[Opening INFORMATION SHOWN section]

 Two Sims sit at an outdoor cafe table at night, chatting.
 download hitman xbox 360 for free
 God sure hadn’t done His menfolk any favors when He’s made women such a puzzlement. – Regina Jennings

[Closing INFORMATION SHOWN section]

> _EXERCISE GOAL_: Exactly as written, give again every line from the one containing "download hitman xbox 360 for free" through the last line of the material above, and no other lines.

> _RESPONSE_:
 download hitman xbox 360 for free
 God sure hadn’t done His menfolk any favors when He’s made women such a puzzlement. – Regina Jennings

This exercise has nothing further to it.